J’ai une tendresse particulière pour cette photo du grand photographe américain W. Eugene Smith. Elle fait partie d’un reportage qu’il a réalisé en 1948 sur la vie d’un médecin de campagne. Le jeune homme est médecin, mais il pourrait aussi bien être un assureur ou un employé de banque. Lui et cette adorable vielle dame (elle m’effrayait un peu au début, mais finalement elle est si authentique que je la trouve émouvante) s’efforcent de communiquer. L’écart est grand.

Imaginez l’un de ces deux personnages écrivant à l’autre sans l’avoir jamais vu ; ce qui est un peu ce que nous faisons tous les jours. Cette image est le fil conducteur de cet article.

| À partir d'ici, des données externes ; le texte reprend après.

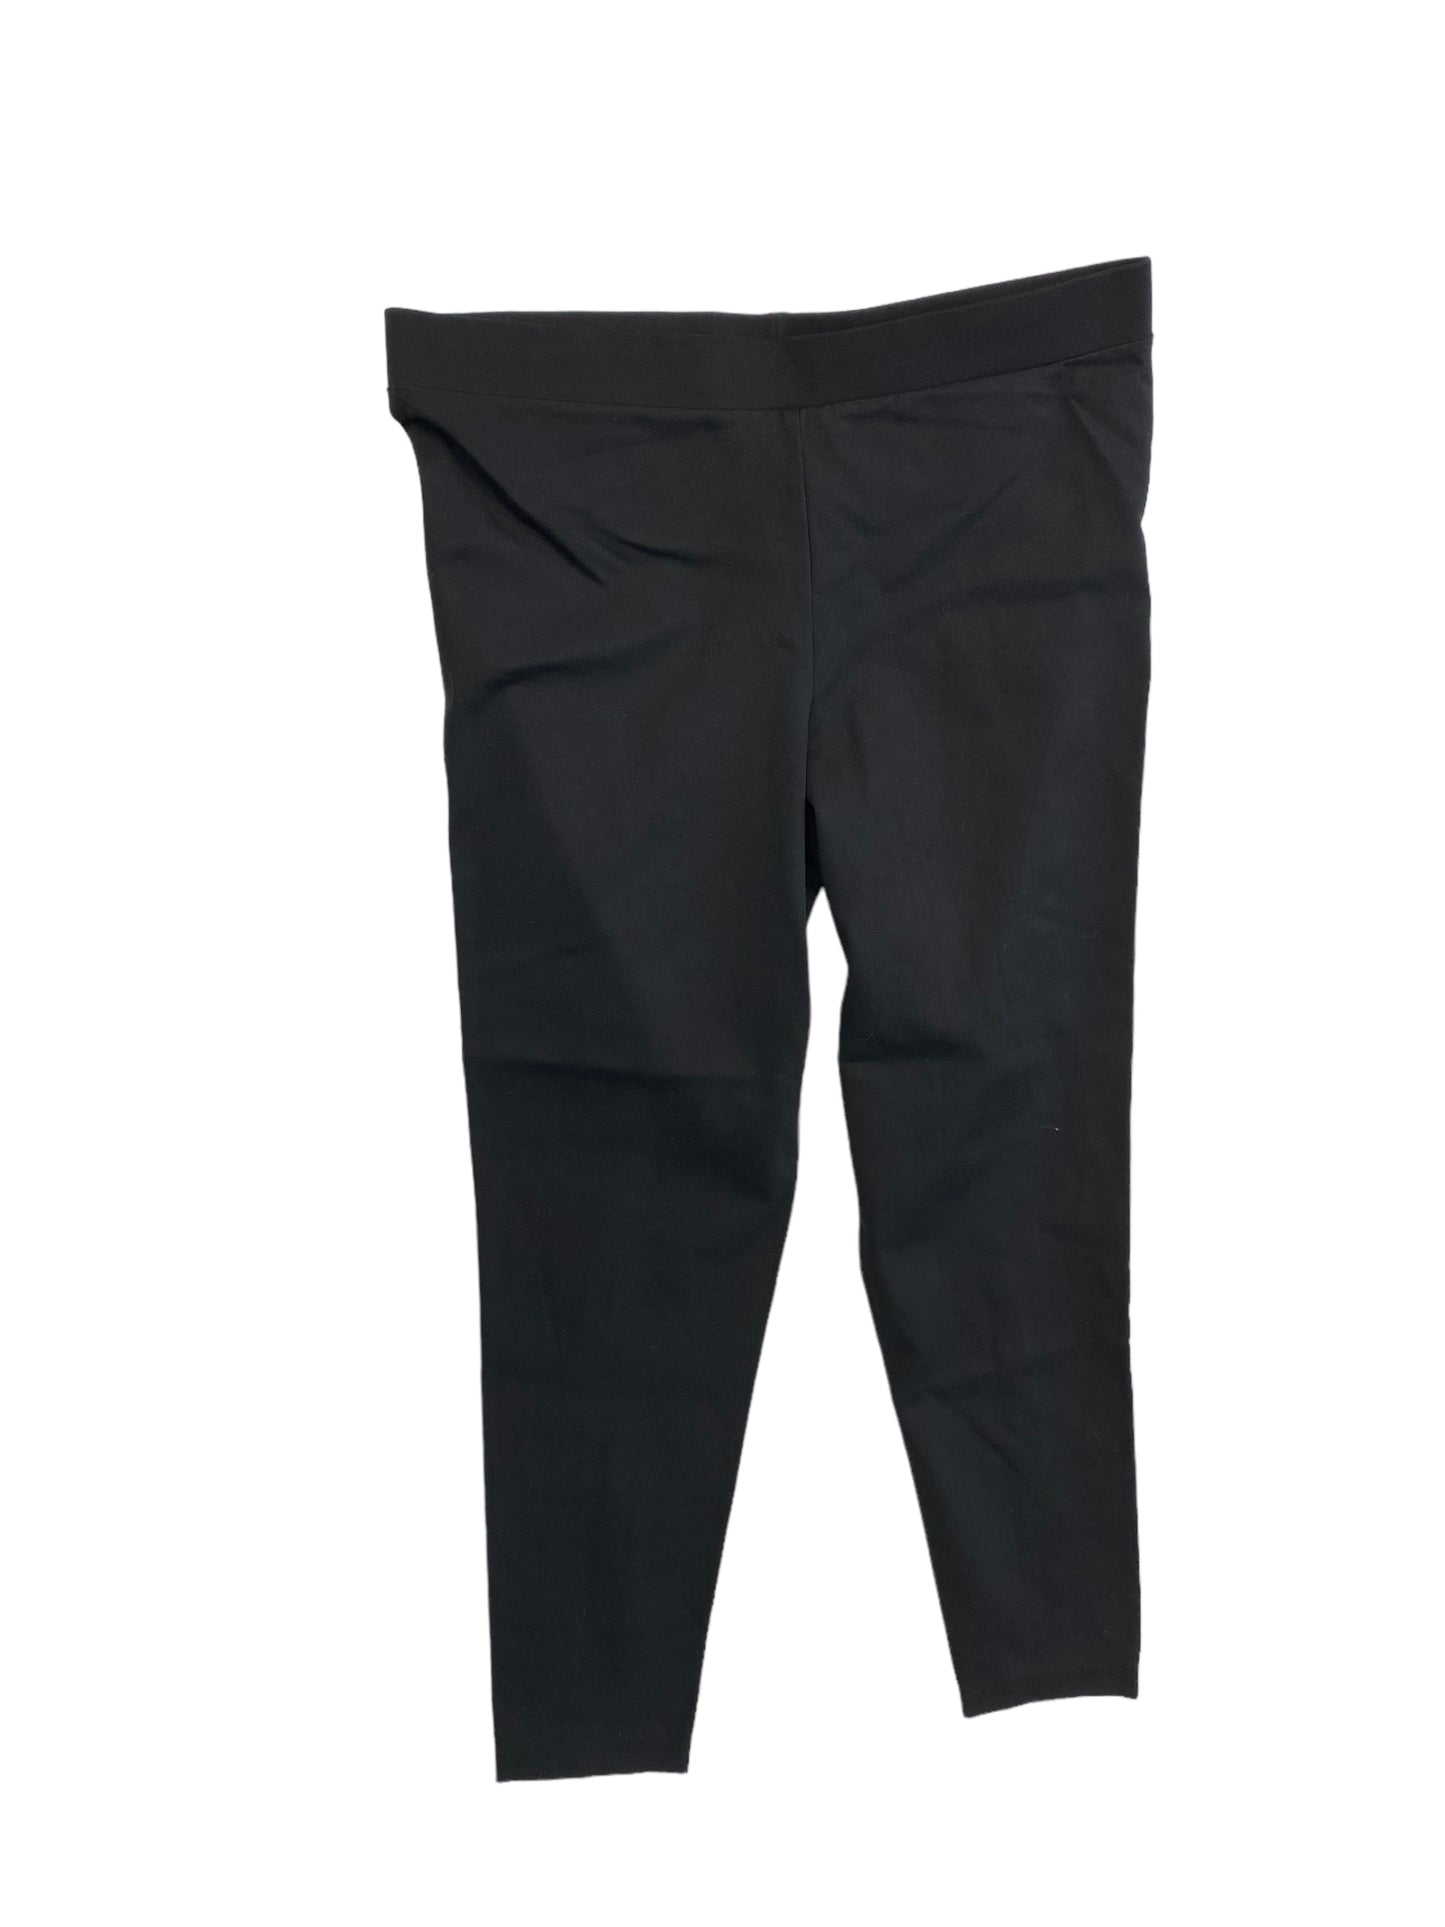 Black Pants Other Vince Camuto, Size Xl
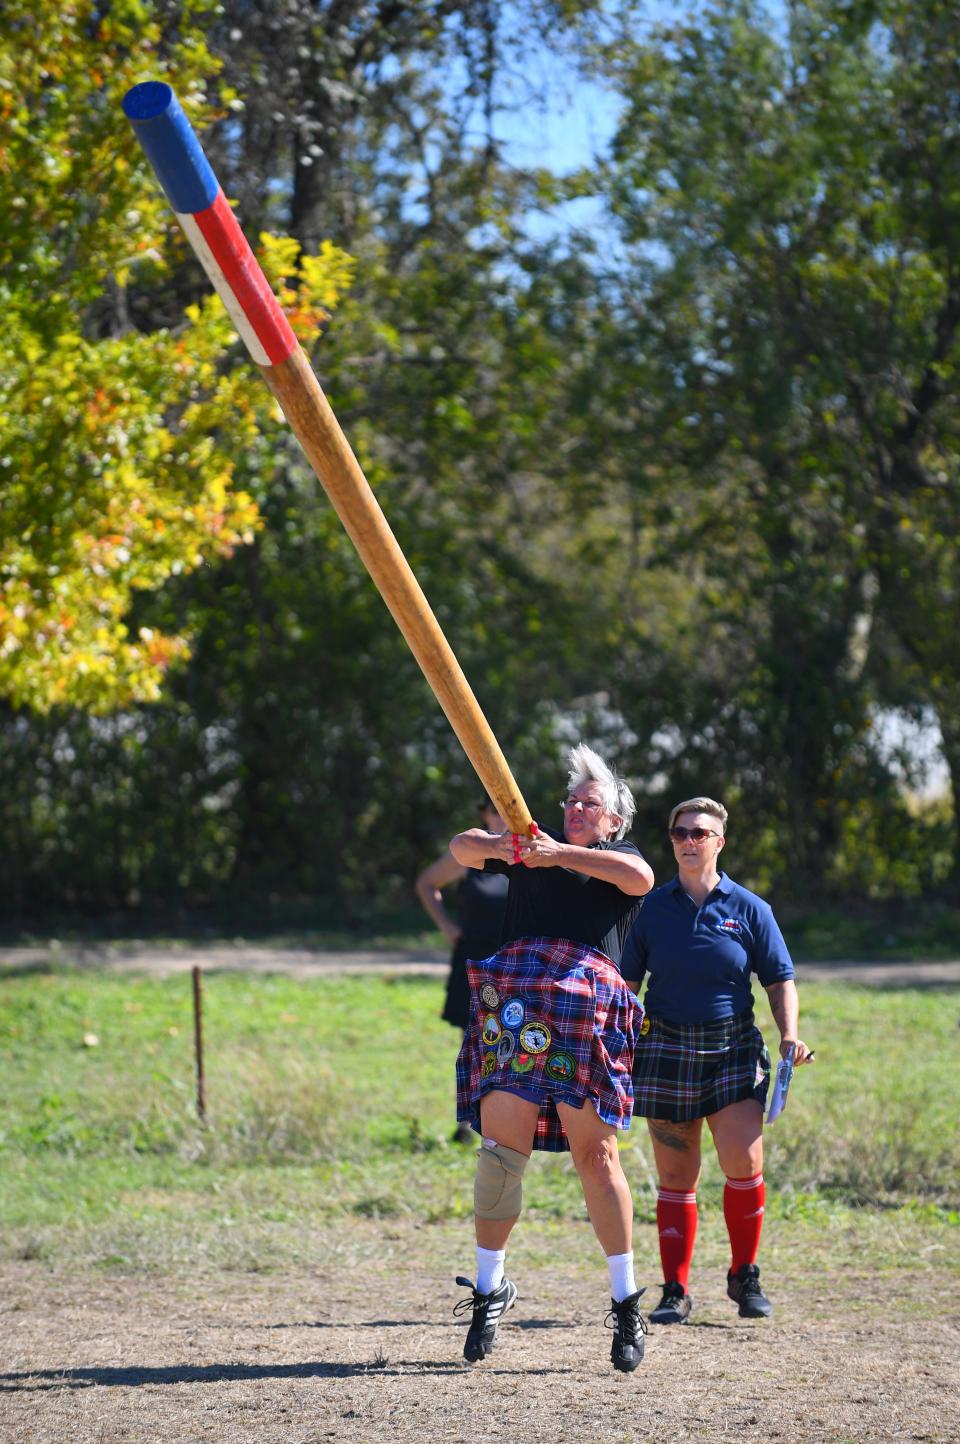 Holland's Kate Boeve tossing a Caber at the recent Masters World Championships

Comme nous l’avons vu dans les articles précédents, la communication écrite, « c’est pas gagné ». Entre le lecteur qui voudrait avoir fini de lire avant d’avoir commencé, celui qui demande, dès la troisième ligne « ça va me rapporter combien ? », celui qui vous fusille parce que vous avez oublié un « s » ou un accent aigu, et celui qui lit en pensant à autre chose et n’a aucunement l’intention de plonger vraiment dans votre texte, toucher la cible va demander un petit effort.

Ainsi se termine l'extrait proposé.